Ему до боли стало жалко этого большого, растерявшегося перед жизнью человека.

— Попробуйте, Леонид Николаевич. Хотя… что-то изменить вы не сможете, но сами, сами неужели не можете измениться?

— Разве я об этом не думал? — ответил Решков. — Думал. Много раз. И пришел к выводу: не в то окошечко я заглянул. По ошибке, быть может. Да только с тех пор пошло всё шиворот-навыворот. Вот такой случай. Он вам может сгодиться. Для вынесения приговора мне, по моим же собственным признаниям… признаниям добровольным, не добытым Лубянкой.

— А если уже довольно признаний, Леонид Николаевич? Тогда что?

Решков растерялся. Потом схватил руку Кулибина, и как будто боясь, что тот убежит, стал приглушенно говорить о своем детстве, о полковнике Мовицком и его дочери Ирине, говорить обо всем, ничего не утаивая, до мельчайшей подробности и так выразительно, словно читал кем-то составленные мемуары.

— Неужели всё это правда? — вздрогнув, спросил Кулибин.

— Правда, — равнодушно подтвердил Решков. — Это правда обо мне, Владимир Борисович. От нее нельзя отгородиться какими-то «смягчающими вину обстоятельствами». Их нет, Владимир Борисович, нет их — этих обстоятельств.

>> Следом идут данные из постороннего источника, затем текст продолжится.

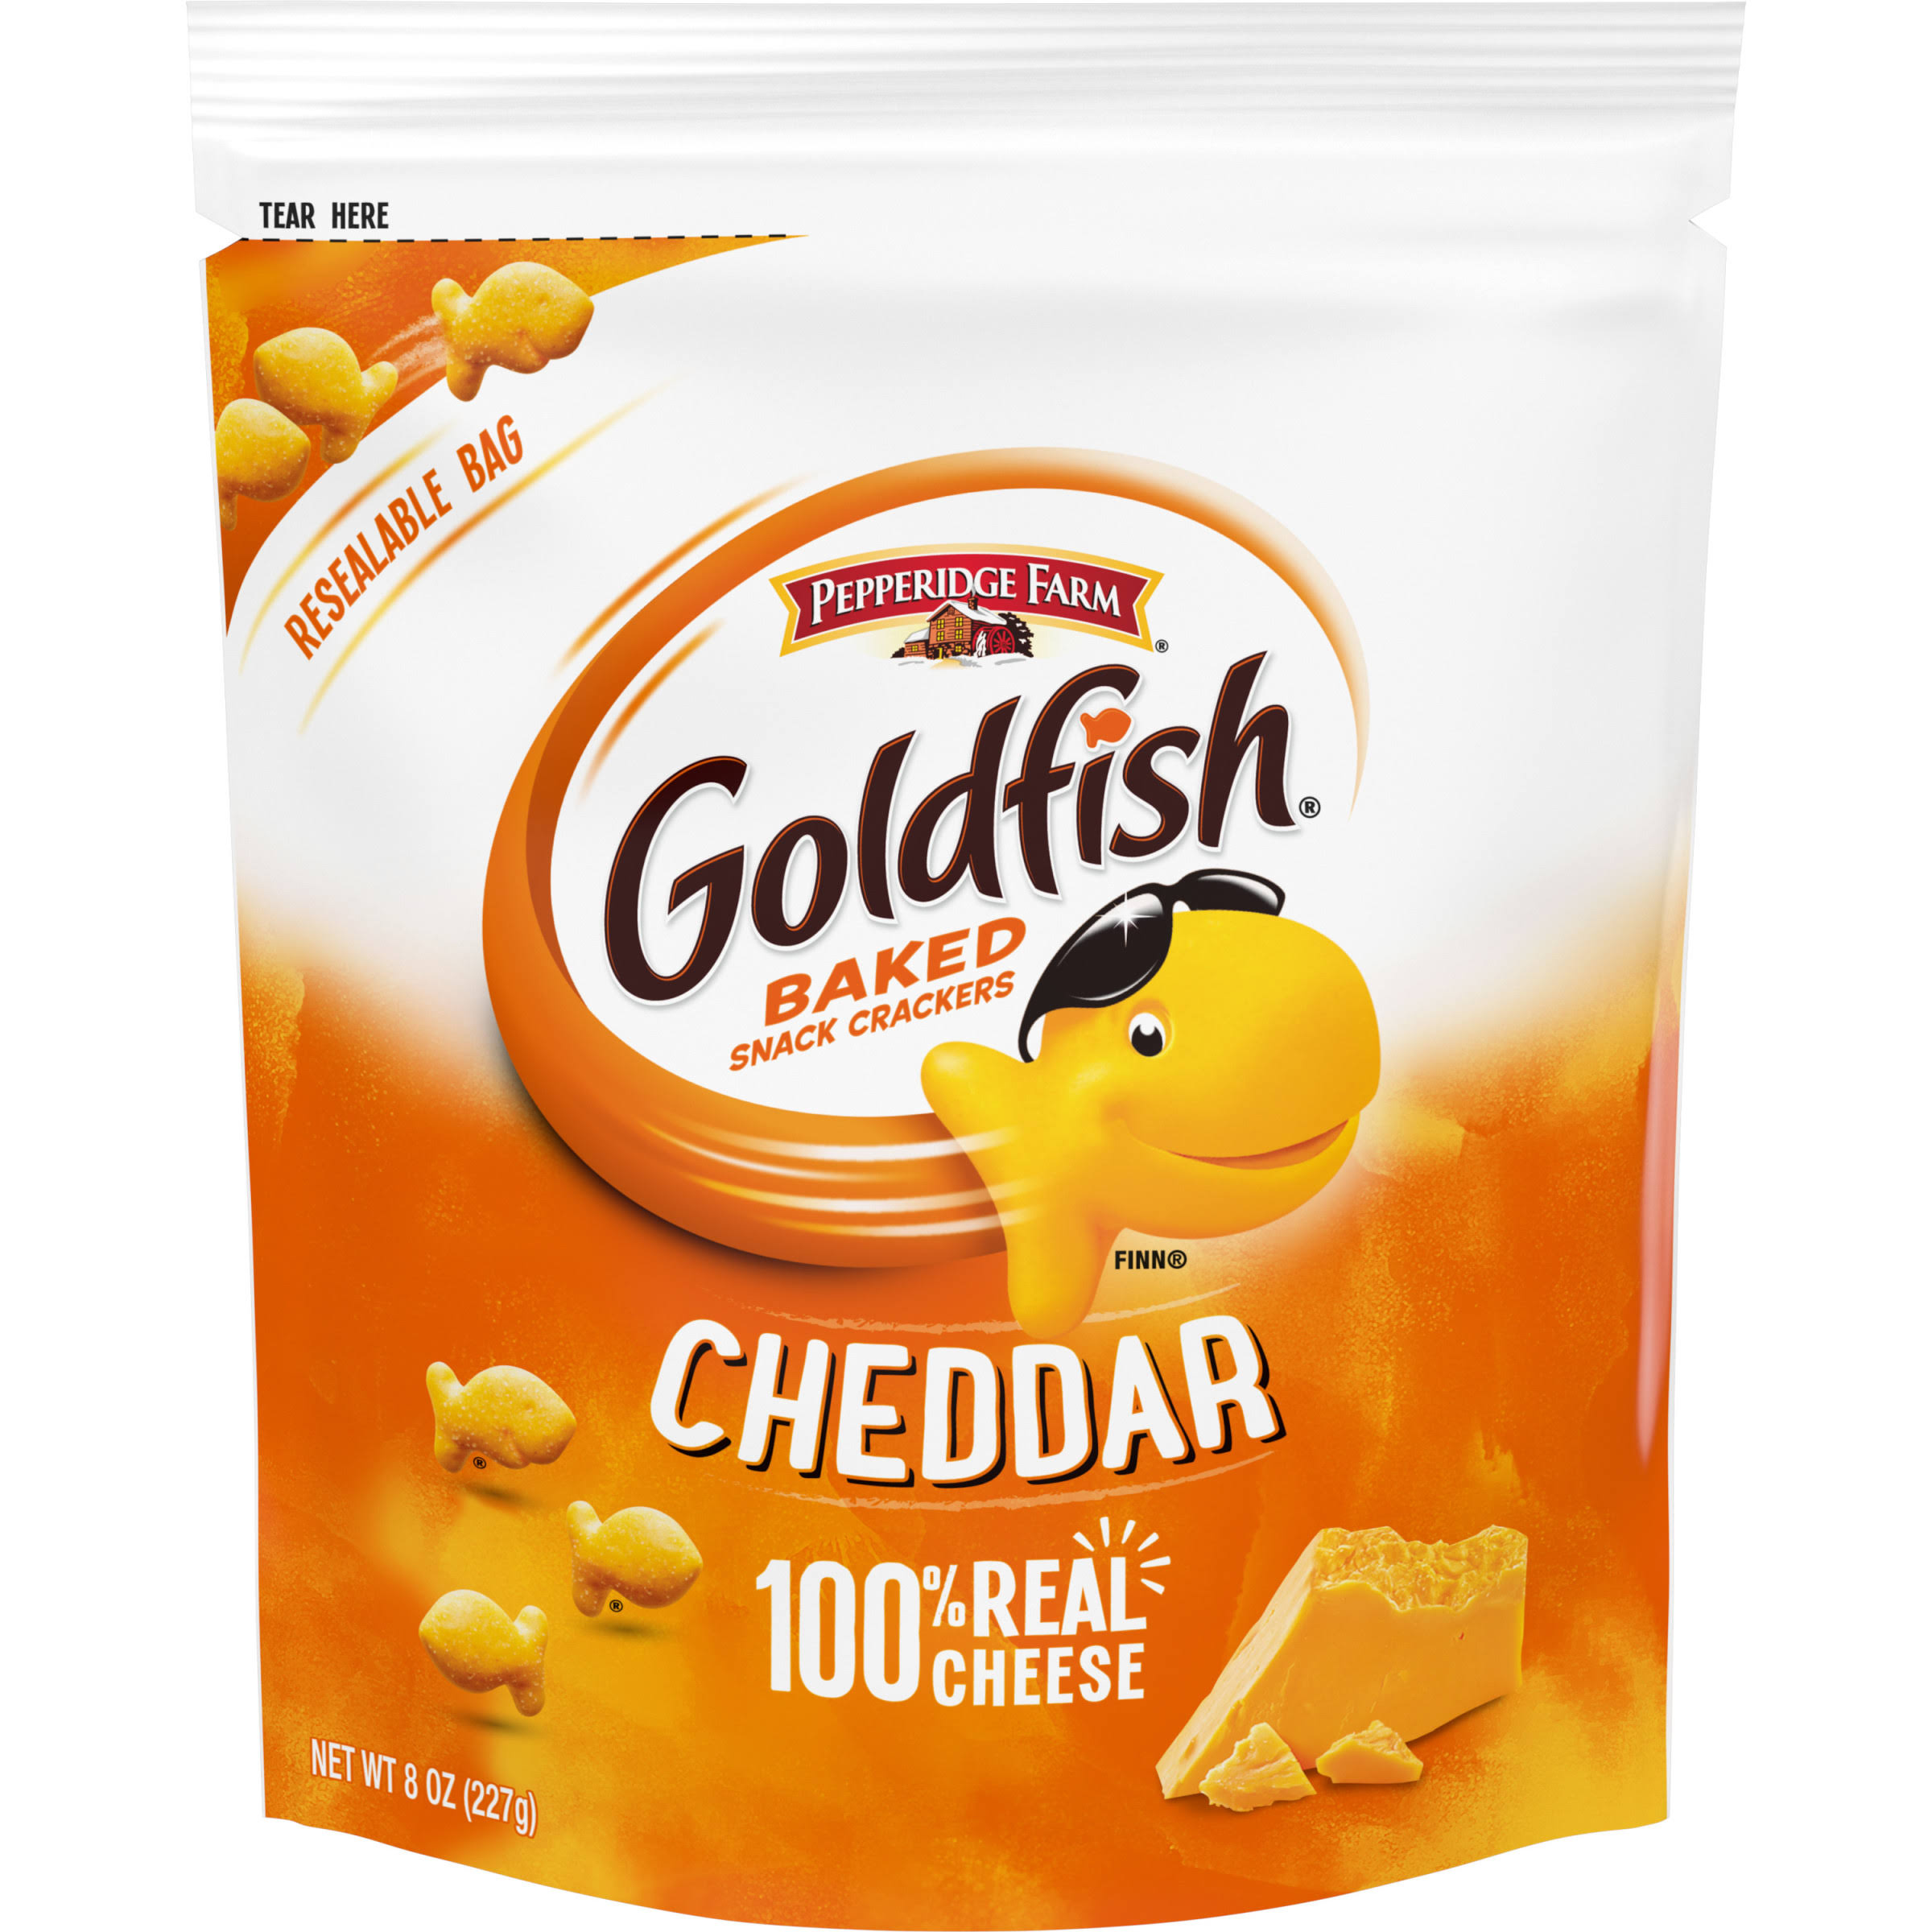 Goldfish Snack Crackers, Cheddar, Baked - 8 oz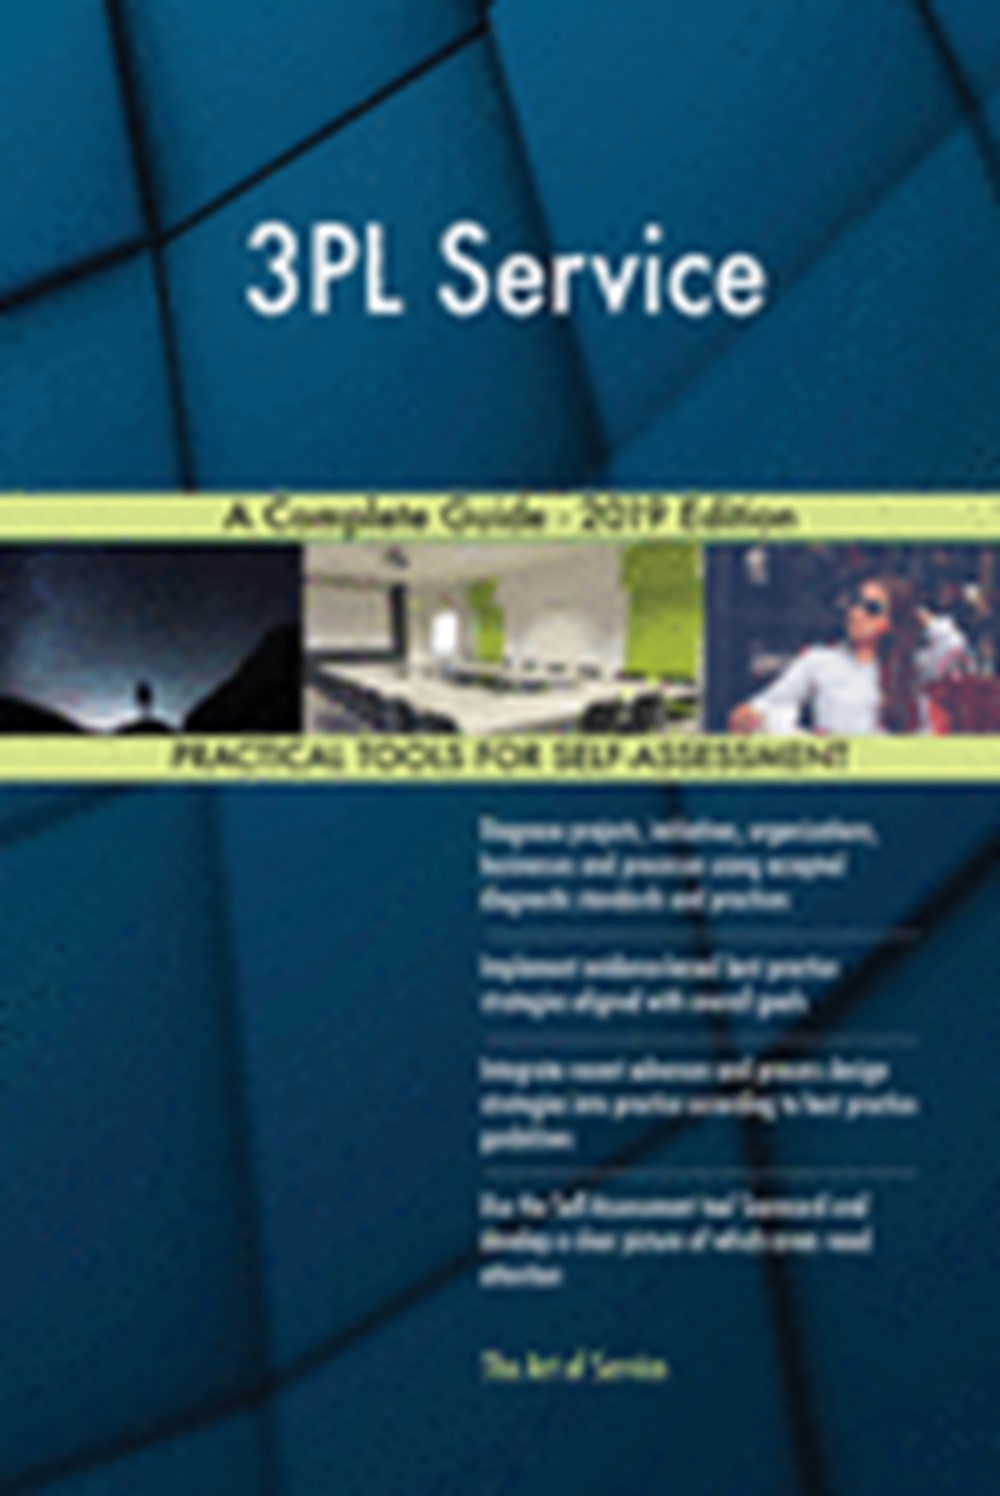 3PL Service A Complete Guide - 2019 Edition

Жутко признаться, но не обстоятельства создали меня. Я — создавал обстоятельства. Помните Суходолова? Это он себя, меня, всю нашу партию назвал «молью». Философ или социолог ту же самую мысль Суходолова выразил бы каким-то другим, глубоким и значительным словом. Суходолов — не философ! Крестьянский сын, тамбовец, сущность всего определил понятной ему молью. Убедительно? Очень! Хотя бы потому, что моль неприметно, постепенно губит всё. Вплоть до жизни растения. Образ символический? Да, и потому, что он совсем обычный, он и возник перед Суходоловым… в этот критический момент. Он уже наступил, этот критический момент. Я уверен в этом. Убежден в том, что у Суходолова накапливаются силы. Он выпрямляется. Начинает трезво смотреть на жизнь и оценивать свое место в этой жизни. Что случится с Суходоловым завтра, через месяц или год? Но он уже перестает быть «молью». Героизм? Подвиг? Измена? Вряд ли одним из этих слов можно что-то определить и объяснить. Да и зачем? Ясно, что Суходолов двинулся к чему-то иному. Перед этим его движением я преклоняюсь, хотя… хотя потом, позже, когда — трудно сказать? — когда он уйдет, начнется охота за Суходоловым. И в этой охоте я приму участие. А когда его схватят, то. Вы, конечно, Владимир Борисович, с удивлением слушаете и даже недоумеваете: что дает мне право рассуждать о какой-то измене Суходолова, о будущей охоте? Права у меня нет, но что Суходолов уже «не наш» — утверждаю. Станут ли с ним рассуждать, когда его, потом, поймают? Нет, его уничтожат с таким же равнодушием, как до него уничтожались миллионы. Кто его уничтожит? Моль. Запомните это, Владимир Борисович. Для вашей книги. Книга должна быть. Она нужна. На ее страницах необходимо сохранить действительность, чтобы жизнь не ушла куда-то за ширмы, в густую тень, где так вольготно размножается моль.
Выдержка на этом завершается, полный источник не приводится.